Palo Alto Networks announced the completion of its $25 billion acquisition of identity security specialist CyberArk.
Arctic Wolf launched Aurora Managed Endpoint Defense for MSPs to enhance managed security offerings and drive momentum within the MSP channel.
Illumio expanded its strategic partnership with Armis to enhance security across converged IT and OT environments.
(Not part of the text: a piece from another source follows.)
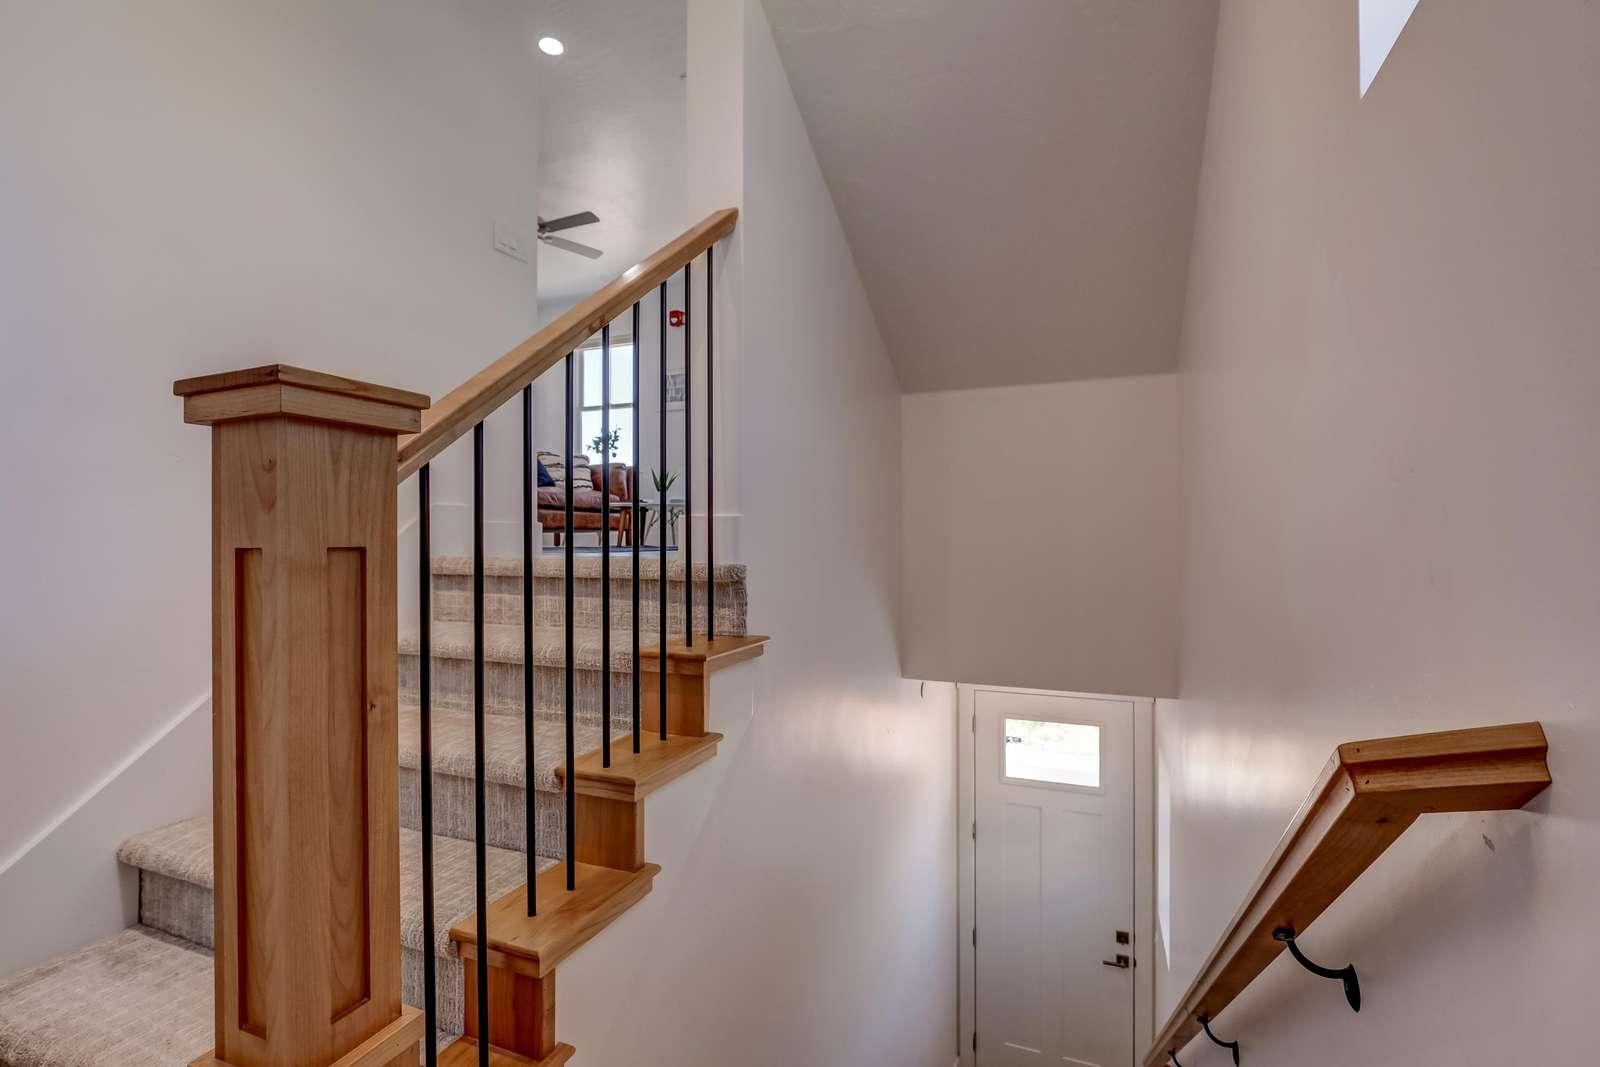 stairway to casita
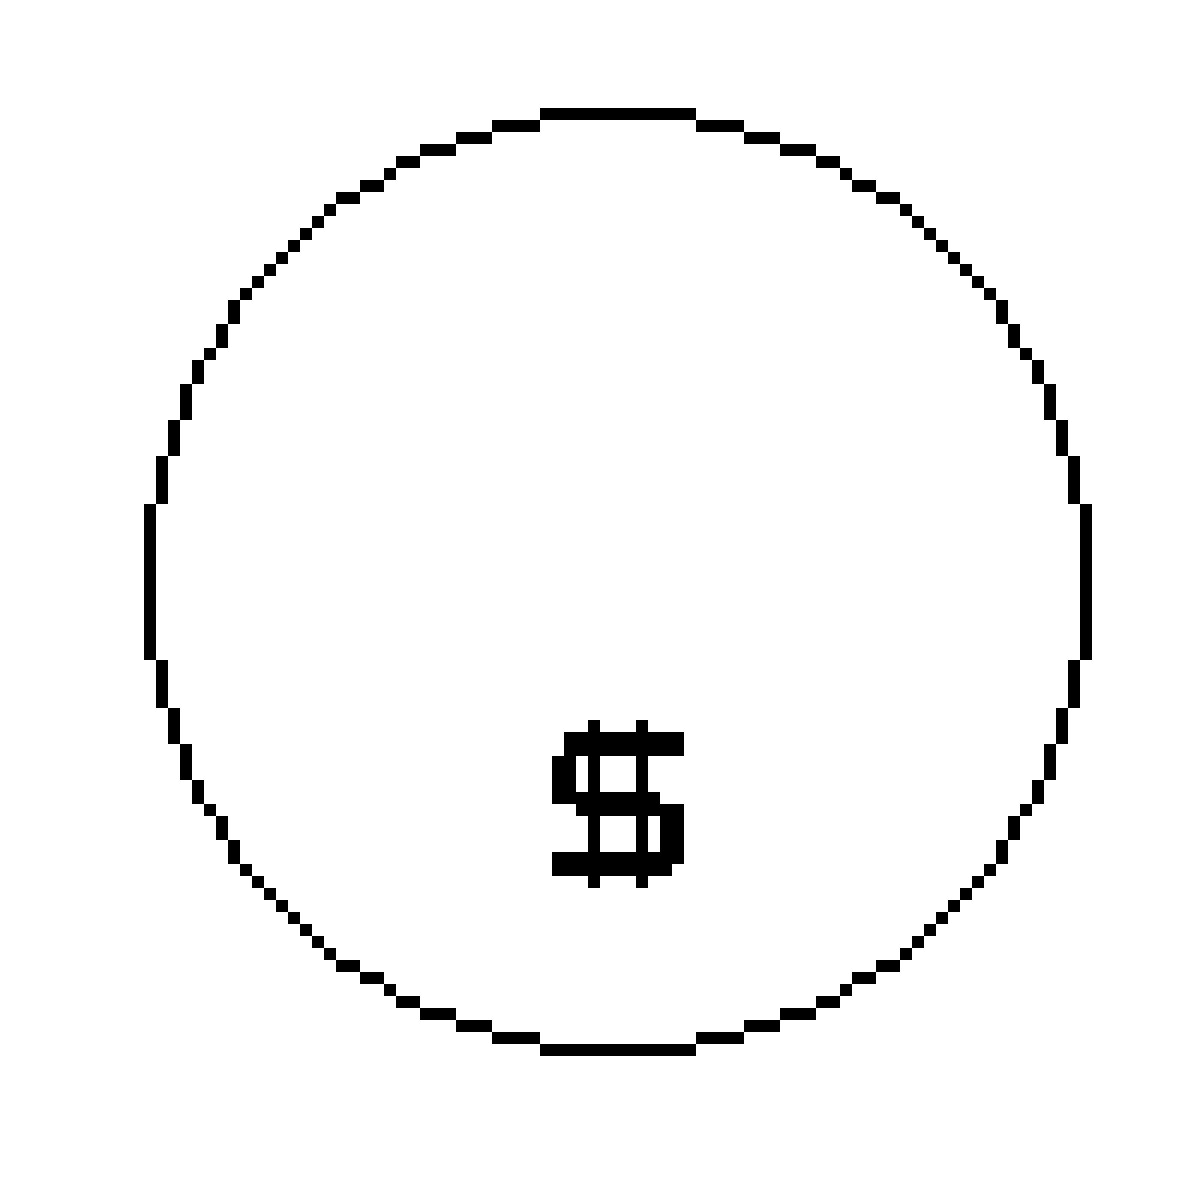 Capitalism (undone) by Capi

ExtraHop added new visibility and forensic capabilities to its agentic SOC platform.
BitSight unveiled what it calls the industry’s first dark web intelligence solution for supply chains.
Bishop Fox introduced a new pen testing service that combines the elite white hat hackers with a proprietary AI engine.
SpecterOps launched BloodHound Sentry to help organizations operationalize identity attack path management and reduce identity-based risk more effectively.
Reinvent Telecom launched Always On Internet, a connectivity solution aimed at delivering uninterrupted service for reseller partners and their customers.
Dell added support for Nutanix to its private cloud offerings.
Alex Spigel is the new CEO of Choice Cyber Solutions.
Kelly Morgan is the new chief customer officer at KnowBe4.
Hey, I know most of these people! GTIA announced the finalists for its 2026 North America Spotlight Awards, recognizing individuals and organizations for excellence and impact across the technology channel.